3. The attempt at a solution

2. Nov 14, 2008

PhanthomJay

How's your calculus (better than mine, I hope)? Start by integrating the load distribution from 0 to L to solve for the total load, which acts at the centroid of the sinusoidal load distribution. Then what?

3. Nov 15, 2008

koolsid

yes, but the problem is what to do with 'n'? it can change also....wat if n is odd and n is even?

4. Nov 15, 2008

PhanthomJay

Yes, good point, that n makes it more difficult. When n is an integer greater than 1, the distributed load curve crosses the x axis, so integrating the load curve from end to end will not help in determining the reactions. It looks like you have to perform separate integrations between n segments that are each (1/n)L in length, then place the load at the centroid of each section to get the end reactions.
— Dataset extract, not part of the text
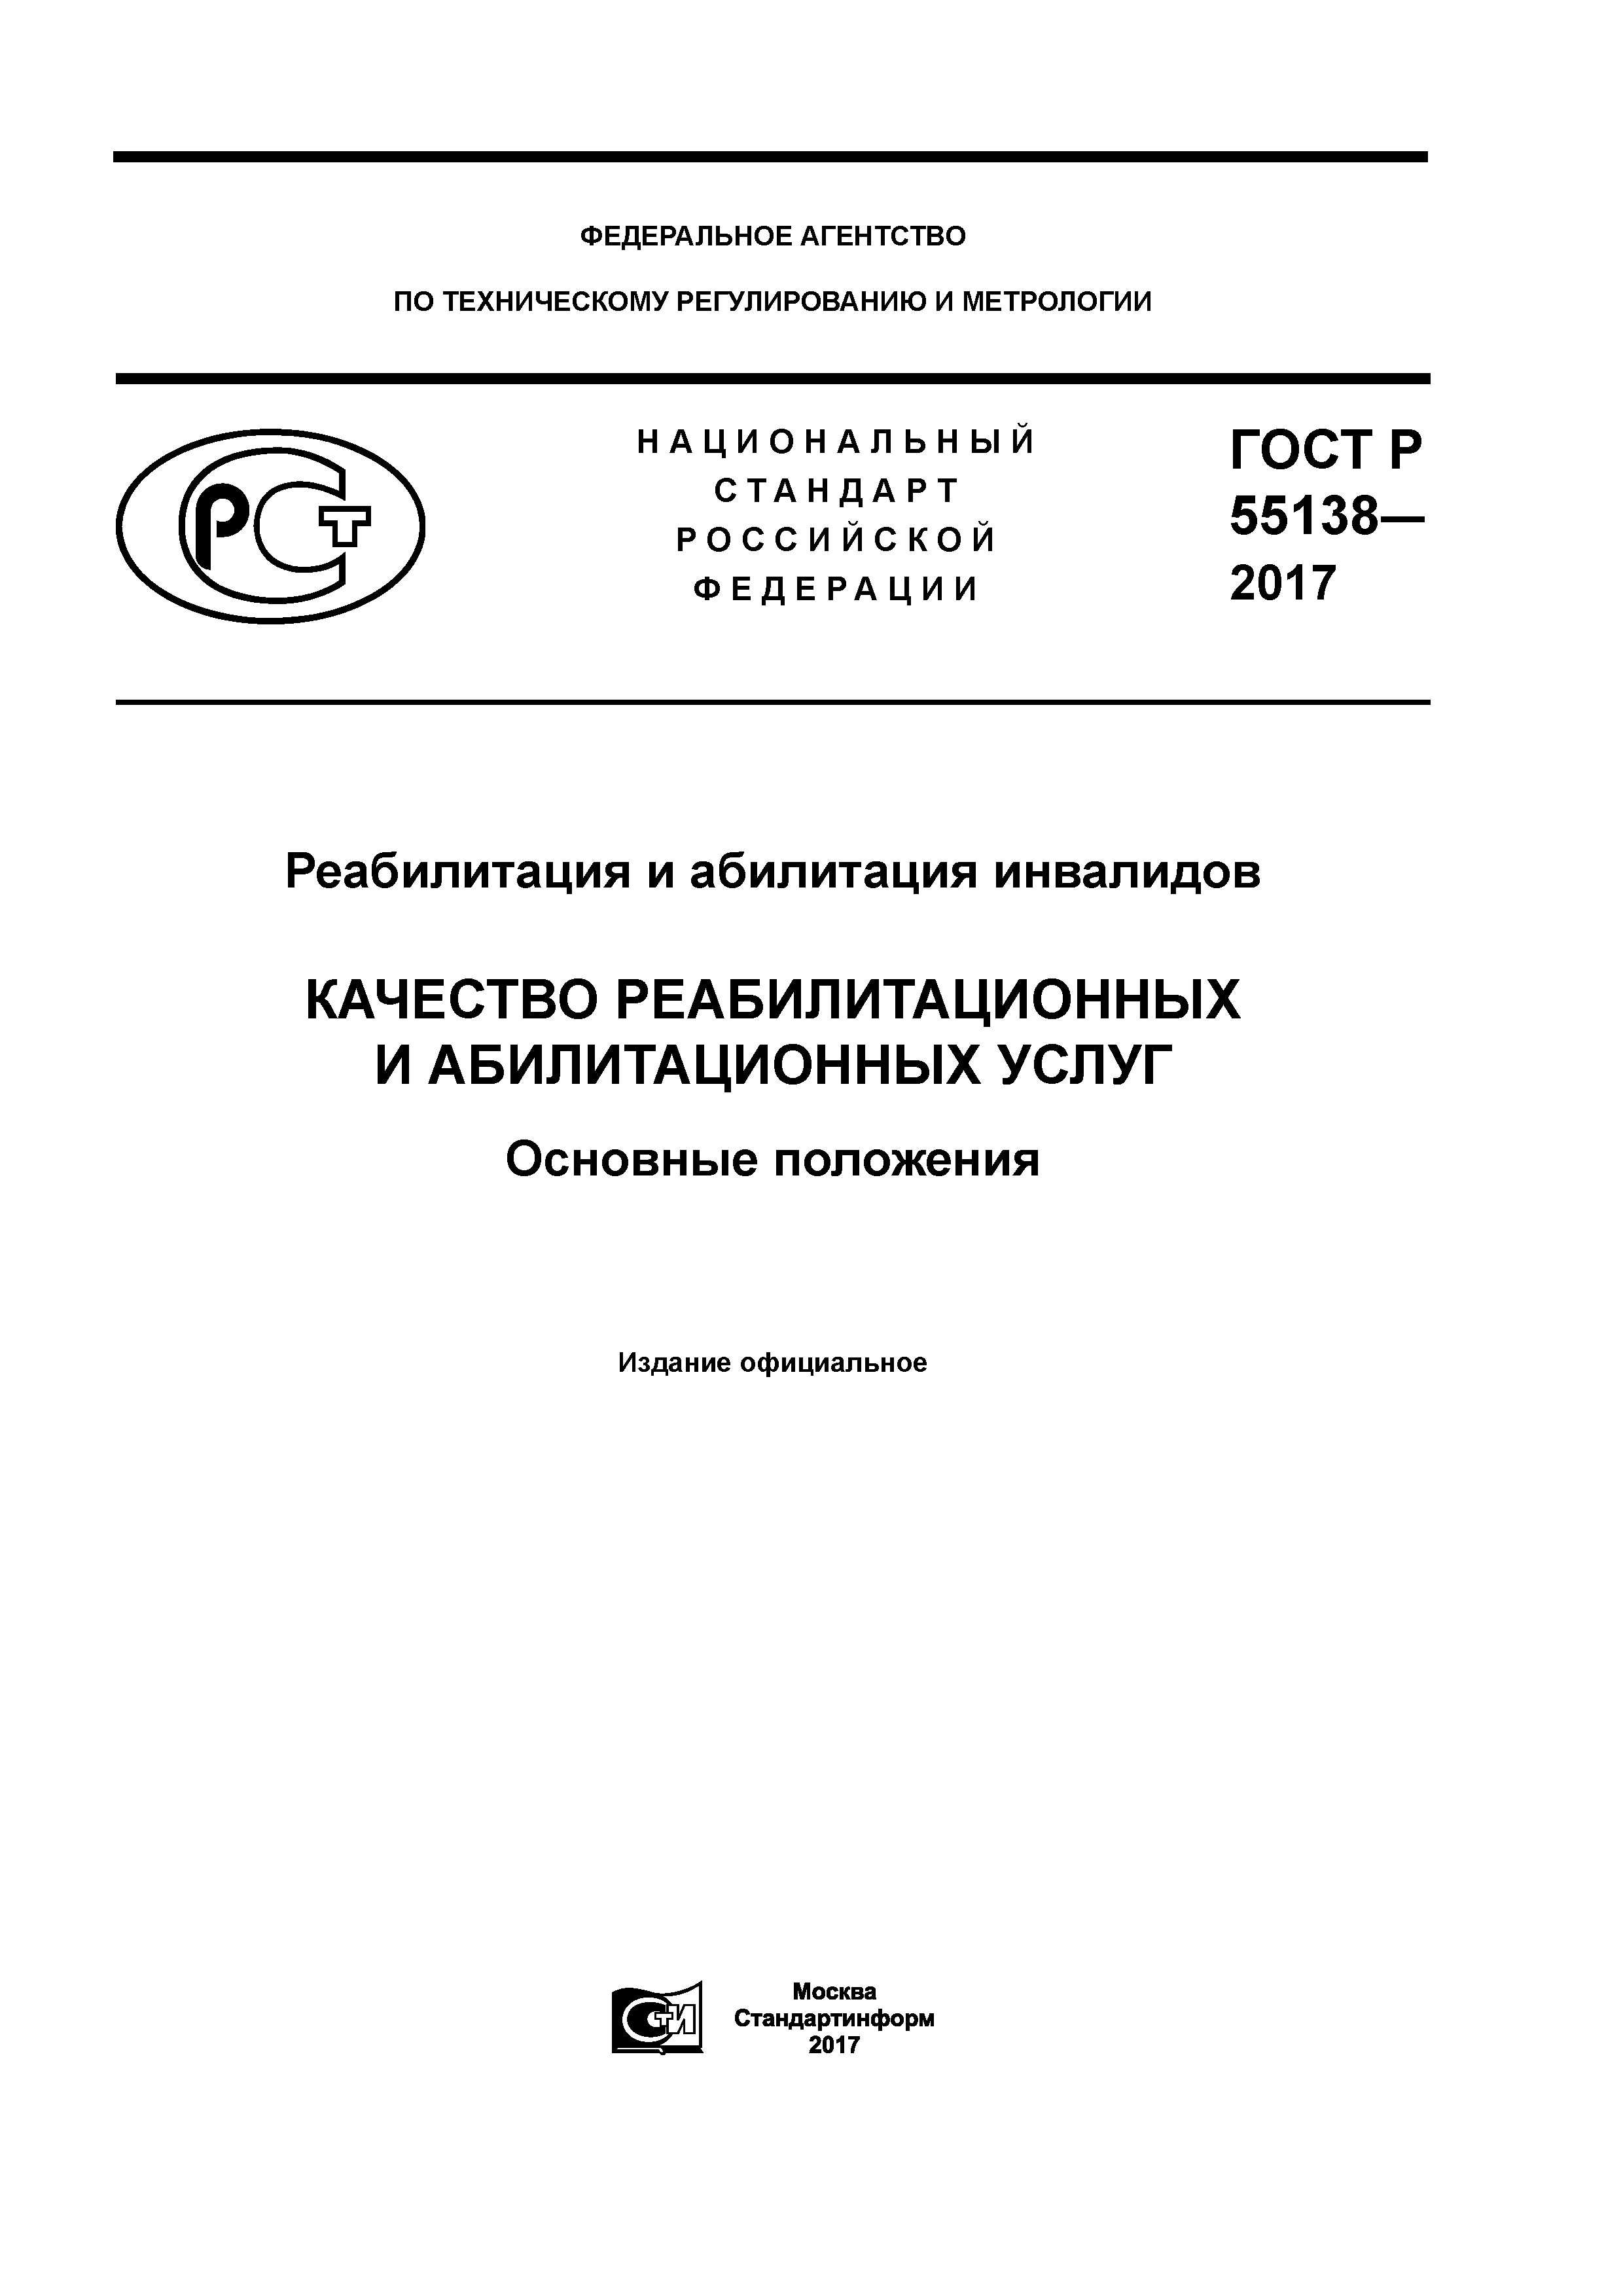 ГОСТ Р 55138-2017

There's probably a formula to calculate this, but I don't know what it is.

5. Nov 15, 2008

koolsid

When n is an integer greater than 1, the distributed load curve crosses the x axis can u tell me in detail this point

6. Nov 15, 2008

PhanthomJay

it crosses at q=0, that is, when sin(n)(pi)x/l = 0, which occurs at x=0, and l/2 when n=2, at x=0, l/3, and 2l/3 when x=3, and in general, at x=0, l/n, .......(n-1)l/n.

7. Nov 15, 2008

koolsid

can u tell me where will be the centroid means how to calculate centroid for this case?

8. Nov 16, 2008

koolsid

where is the centroid for this case?